When we measure the 38.8 ohm resistor values, we get a output voltage of 0.993 V. Based on our calculation, we find the internal resistance to be 0.273 ohm.

It makes sense because the bigger value the resistor has, the smaller influence the internal resistor would act on it. When the resistance is way bigger than the internal resistance, we can just ignore the internal resistor. 

 

 2. Maximum Power Transfer

We first do a pre-lab on Maximum Power Transfer. We use two identical resistors in the circuit with theoretical values of 2.2K ohm. We calculate the theoretical power of it to be 2.84*10^-3 W. 

We take 5 resistors with theoretical values of 2.2K, and take 2 of them that has same true value of 2.16 K ohm.
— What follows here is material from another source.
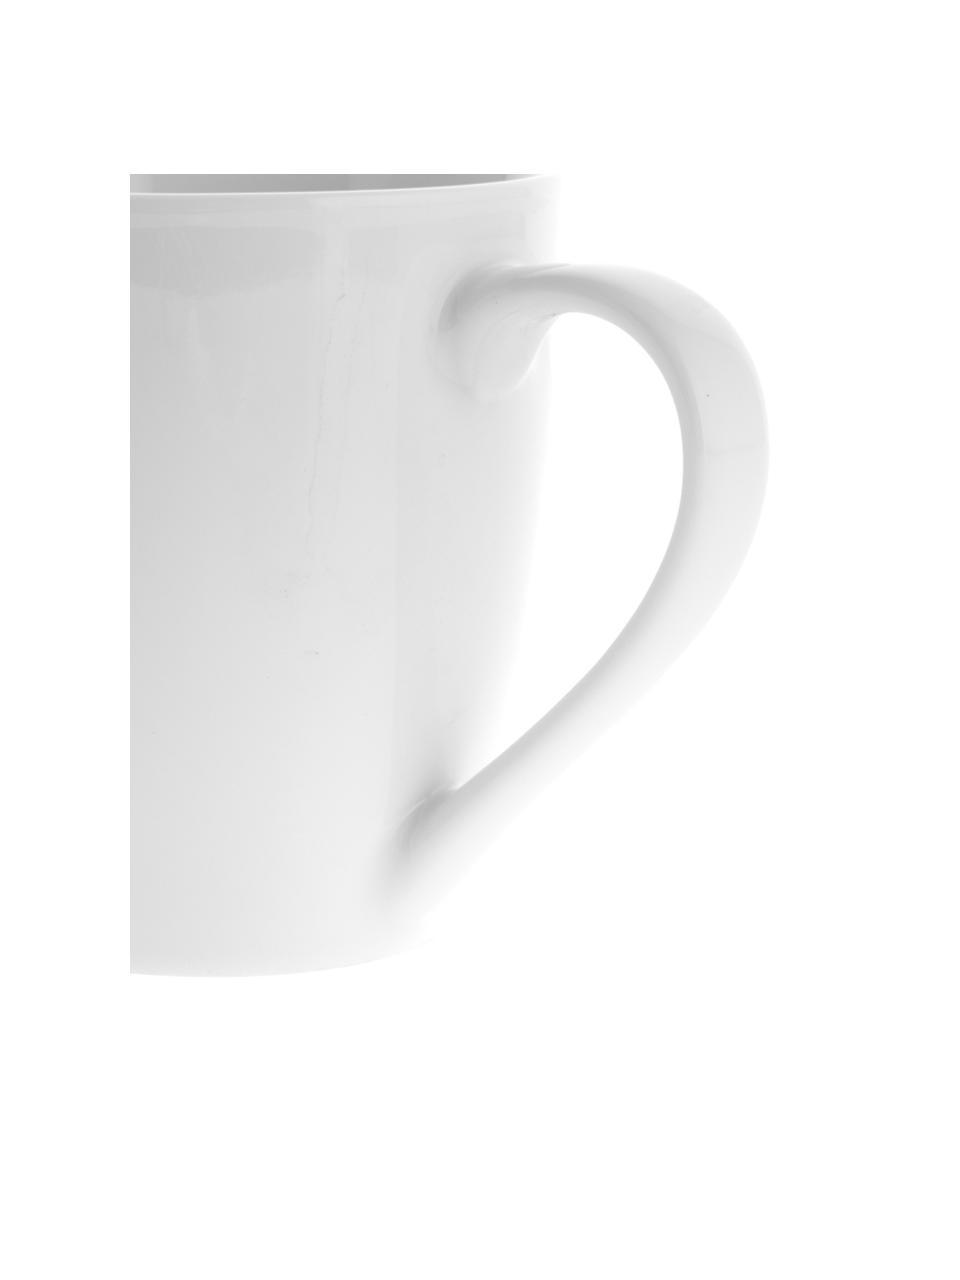 Tazza in porcellana bianca Delight 2 pz, Porcellana, Bianco, Ø 9 x Alt. 10 cm

This is the set up of this experiment. This is also a simple setup. We measure the voltage across it to be 2.48 V. And we calculate the experimental value to be 2.847*10^-3 W. It has a -0.246 % difference. It is very close to our theoretical value.

 

Summary:

Today, we learn Norton's theorem and maximum power transform. Norton’s theorem is just like Thevenin’s Theorem, except that it replace the circuit with a current source in parallel with a resistor. It is important to transfer maximum power to the load. In order to do that, the load resistance should equal the Thevenin resistance. We also learn that power sources contain an internal resistance and how to calculate the resistance.